Indonesia semakin bergerak ke kanan. Aroma neolib amat kental dengan duduknya

sejumlah nama yang memang sudah sejak lama dikenal sebagai komparador Barat,

khususnya IMF dan Bank Dunia.

Indonesia kembali sibuk mengejar pertumbuhan dan abai dengan pemerataan.

Selama lima tahun pertama (ditambah lima tahun kedua) pemerintahan SBY,

pertumbuhan lebih banyak disebabkan blessing faktor ekseternal. Pertama, harga

komoditas primer, termasuk hasil tambang, terus meroket. Kedua, dana asing

dari negara-negara maju mengalir deras ke Indonesia. Maklum, di tempat asalnya

tengah terjadi kelesuan ekonomi.

Sayangnya kendati dapat berkah dari faktor eksternal, pertumbuhan ekonomi hanya

berkutat di angka 5,5-6%. Padahal dengan tambahan sedikit kretivitas dan kebijakan

terobosan, niscaya ekonomi bisa dipacu tumbuh dua dijit.

Koalisi dengan rakyat

Kalau tidak hati-hati, Jokowi bisa mengulangi kesalahan SBY dalam menyusun

kabinet. Di tengah lingkaran para penumpang gelap, Jokowi tidak mustahil

bakal ‘dipaksa’ setuju dengan praktik ‘dagang sapi’ yang jadi tradisi kekuasaan di

sini.

Kalau pun dia berhasil lolos dari ‘tekanan’ Para petinggi Parpol pendukung,

ancaman yang tidak kalah serius justru datang dari JK sendiri. Bisa saja tokoh gaek

ini mencoba mengulang kembali suksesnya menelikung SBY.

Untuk itu, meminjam istilah ekonom senior Rizal Ramli, cuma ada dua pilihan bagi

Jokowi. Pertama, bagi-bagi kekuatan dengan elit. Pilihan ini membawa konsekwensi

rakyat kecewa karena tidak akan pernah ada perubahan. Kedua, berkoalisi dengan

rakyat dan meninggalkan elit negeri ini.

Seharusnya Jokowi memili berkoalisi dengan rakyat. Dengan begitu dia bisa

melawan dominasi serta hegemoni para elit politik dan ekonomi. Caranya, pertama,

jangan masukkan penganut dan pejuang mazhab neolib ke dalam kabinet.
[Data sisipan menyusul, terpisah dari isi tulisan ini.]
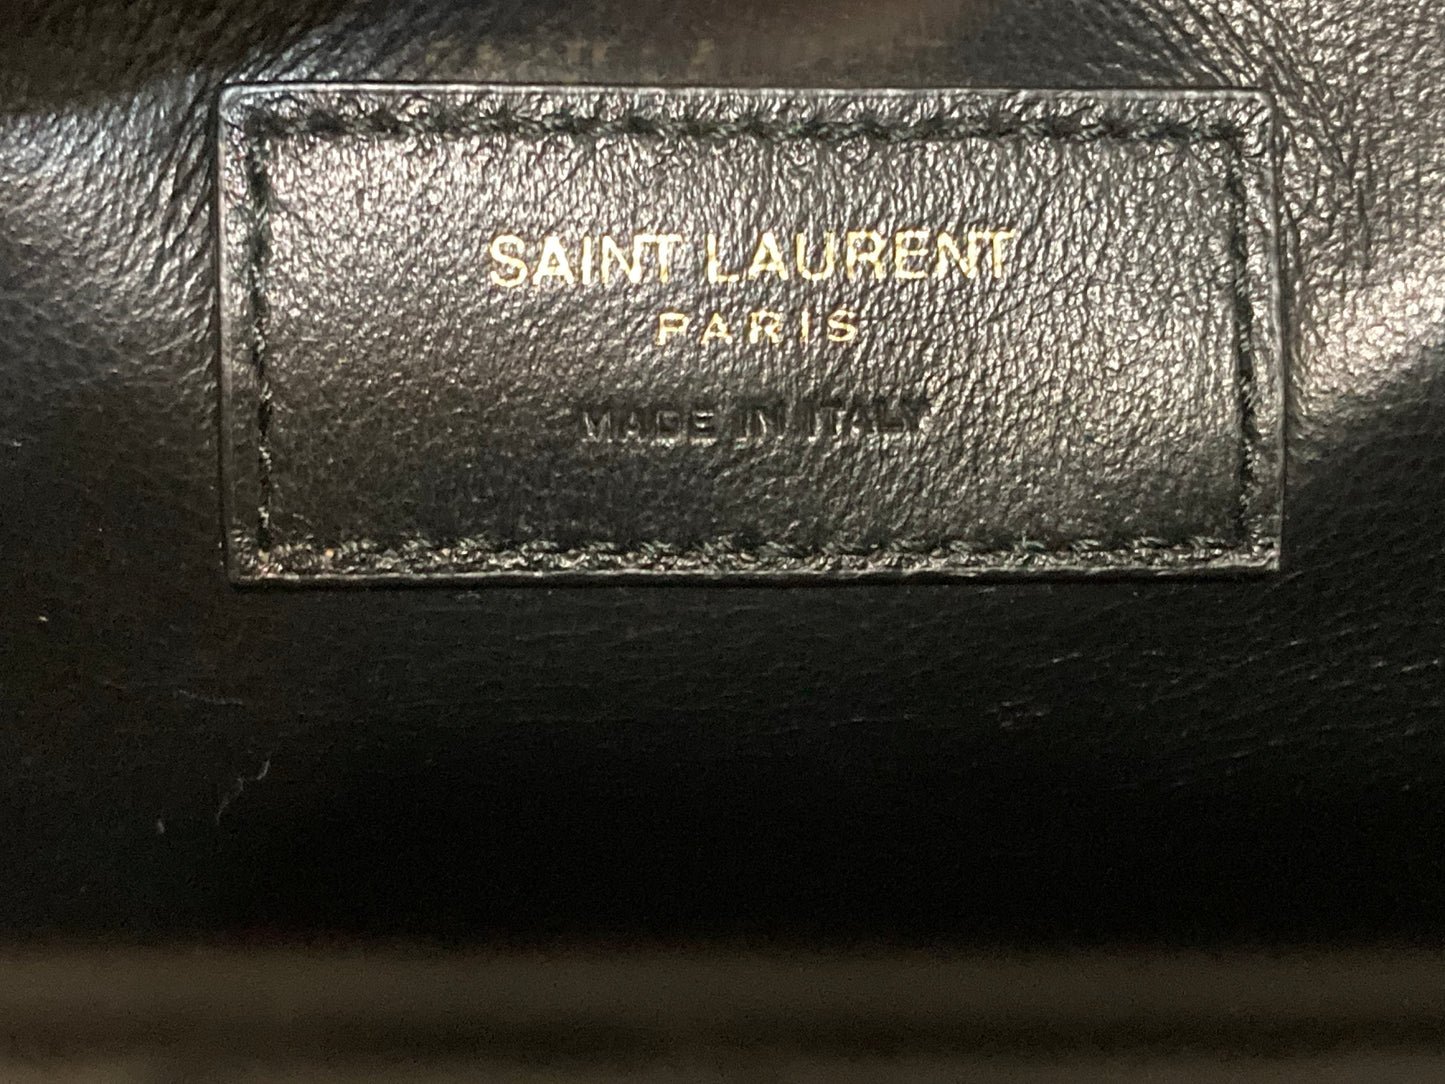 YVES SAINT LAURENT Leather Envelope Flap Bag Black

Kedua,

buat kebijakan di bidang ekonomi yang berdasar konstitusi dan berpihak kepada

rakyat.

Penyebab utama timpangnya kesejahteraan rakyat Indonesia adalah karena

suburnya ekonomi rente. Kebijakan kuota impor adalah lahan subur bagi lahirnya

berbagai mafia. Ada mafia migas, mafia gula, kedelai, daging, migas, dan lainnya.

Kalau kebijakan ini dihapus dan diganti dengan sistem tarif, maka ekonomi

berkeadilan akan terwujud.

Jika langkah ini dilakukan, sudah bisa dipastikan Jokowi akan (kembali) mendulang

simpati dan dukungan rakyat. Betapa tidak, harga berbagai kebutuhan yang selama

ini dikuasai kartel akan turun dengan signifikan. Gula bisa anjlok hingga 70%, daging

melorot sampai 80%, dan kedelai turun sekitar 30%.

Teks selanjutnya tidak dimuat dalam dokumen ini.